The LG Uplus labor union is demanding in this year's wage and collective agreement talks that "30% of operating profit be paid as bonuses," stoking concern across the telecom industry. As growth in core telecom operations slows despite the need for investment in artificial intelligence (AI) and shareholder returns, the manufacturing-style "revenue-linked bonuses" demand appears to be spreading to common carriers.
According to the industry on the 4th, the LG Uplus joint bargaining team for wage and collective agreement talks held the third main negotiation with management on the 23rd of last month. The union demanded an 8% increase in wage aggregates, inclusion of PI·PS (productivity encouragement pay·performance bonus) in the average wage, establishment of a minimum title-based annual salary system, and payment of bonuses equal to 30% of operating profit. Last year, LG Uplus labor and management agreed to a 1.3% average wage increase plan (raise each employee's individual annual salary by 1.3% and then add 190,000 won).
The union's demands also include a 35-hour workweek with no wage cuts, extending the retirement age to 65, and improving the wage-peak system. They also include requiring labor-management agreement six months before AI adoption and banning artificial restructuring on the grounds of technology adoption.
In response, management showed reluctance, proposing a 3% increase. On the demand to extend the retirement age, it counterproposed operating a task force for reemployment on contract as a retained worker, under which employees who reach retirement would retire and then be rehired on fixed-term contracts.
Why is the LG Uplus union, which accepted a wage increase plan in the 1% range last year, pushing such an excessive and overreaching demand this year? In particular, the assessment is that its stance has clearly shifted by even demanding bonuses linked to operating profit. Many in the industry see the telecom sector ratcheting up its demands by riding the wave of high-rate wage and bonus demands by large manufacturing unions.
The Samsung Electronics union is demanding 15% of annual operating profit and the Hyundai Motor union is demanding 30% of last year's net profit as bonuses. Kia is also reportedly reviewing a demand at a similar level.
However, some note that it is difficult to compare semiconductor and auto companies with LG Uplus, a common carrier, on the same line. In manufacturing, profits can surge depending on the global demand cycle, export conditions, and product prices. By contrast, in telecom, subscriber growth has slowed and there are major constraints on raising rates, limiting revenue expansion.
Last year's improvement in LG Uplus' results was largely a windfall from a competitor's hacking incident rather than structural growth. Last year, LG Uplus' operating profit was 892.1 billion won, up only 3.4% from the previous year. Even though new subscribers flowed in due to the fallout from the SK Telecom and KT hacking incidents, profits did not grow significantly.

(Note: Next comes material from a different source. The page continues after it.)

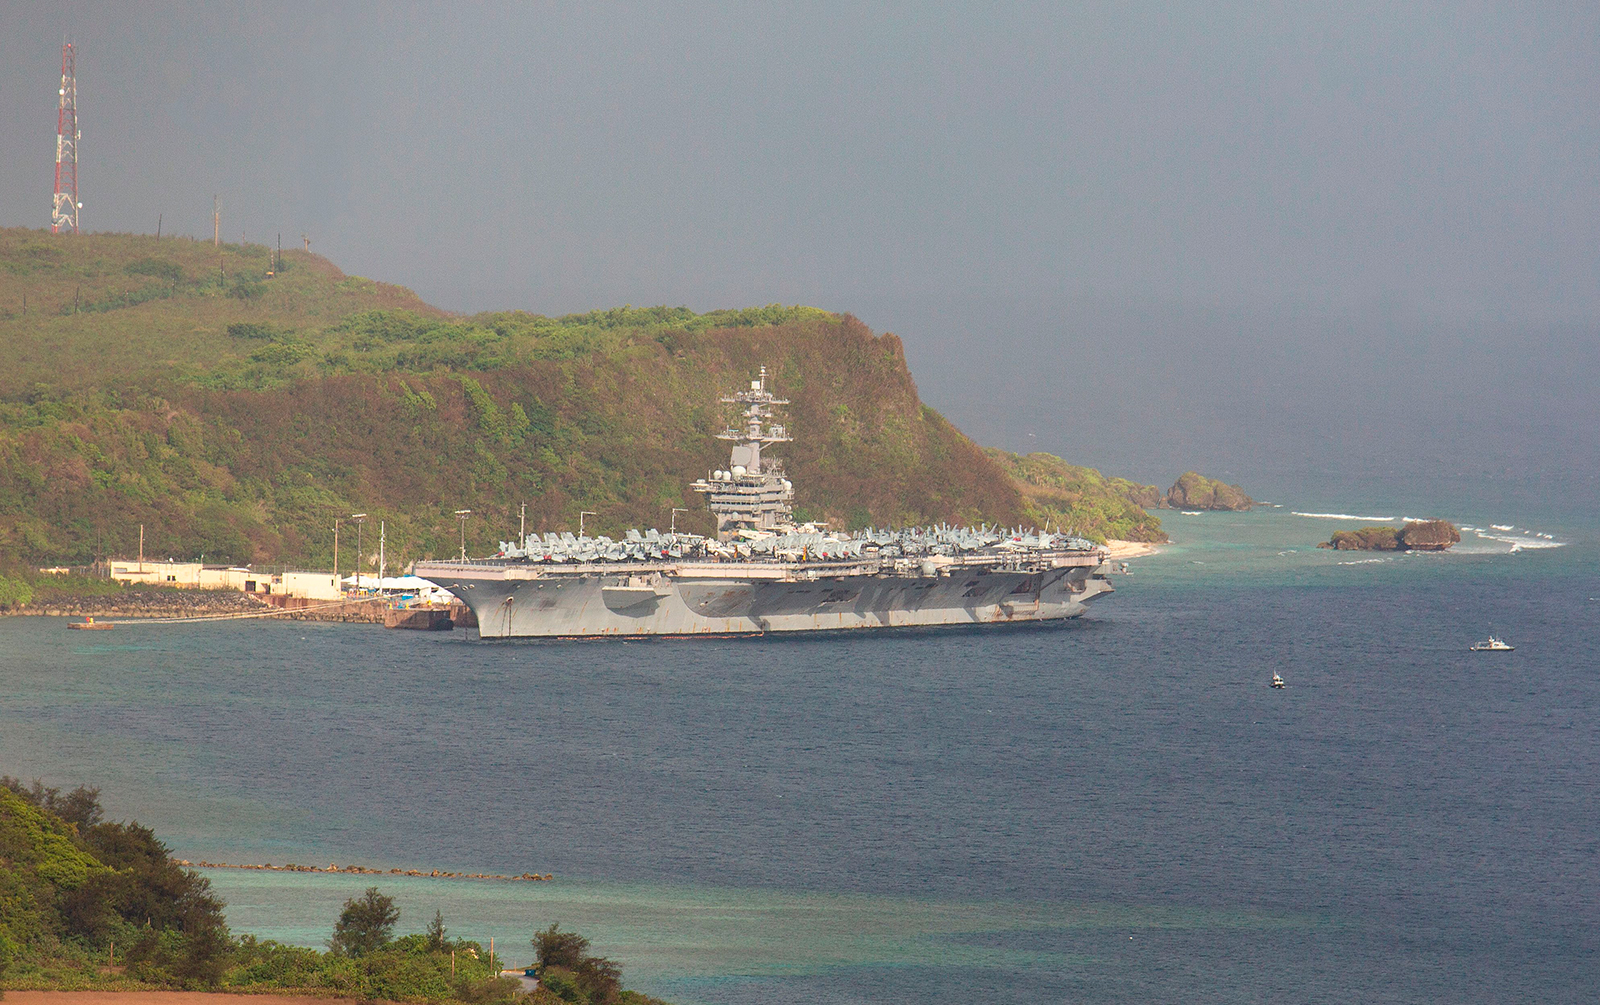 The aircraft carrier USS Theodore Roosevelt is docked at Naval Base Guam in Apra Harbor on Monday, April 27.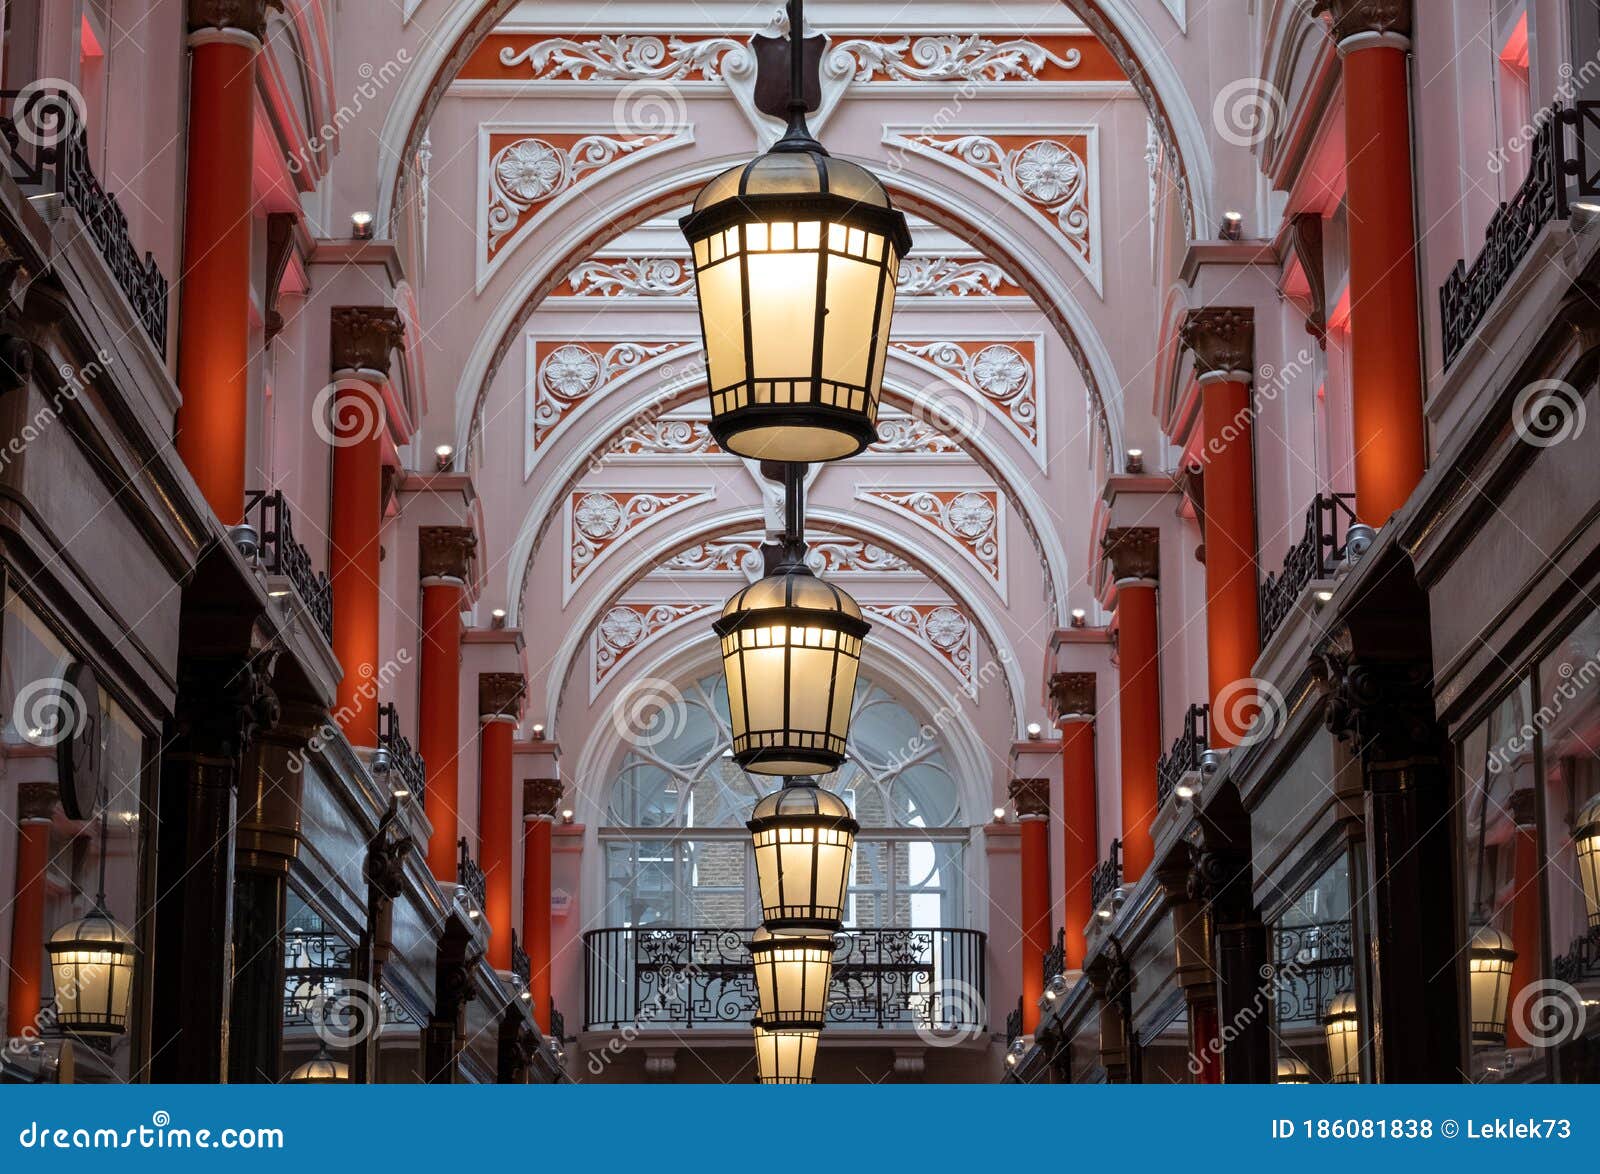 royal arcade in bond street, mayfair uk: beautifully restored victorian shopping arcade with luxury shops.

There is also an assessment that it lacks persuasion to demand drastic wage hikes and expanded bonuses on results that did not improve through better network quality or AI and new-business performance. The three telecom companies need to expand investment in AI data centers, cloud, enterprise AI, and security, but they have yet to produce clear revenue results in AI. The burden of shareholder returns is also a variable. Telecom stocks are classified as representative dividend stocks. If operating profit is allocated to bonuses, capacity for dividends and AI investment funding could be at issue.
Kim Kyung-won, a distinguished professor in the business administration department at Sejong University, said, "Because common carriers face large long-term expense needs such as maintaining network quality, strengthening security, and investing in AI infrastructure, applying a manufacturing-style bonus formula as is could upset the balance among investment capacity, shareholder returns, and consumer benefits," and added, "If a high-cost wage structure becomes entrenched in a telecom industry entering a low-growth phase, the company's growth engine could weaken."
This year's LG Uplus wage and collective agreement talks are expected to be a test bed for gauging the balance between the telecom industry's compensation system and its capacity for future investment.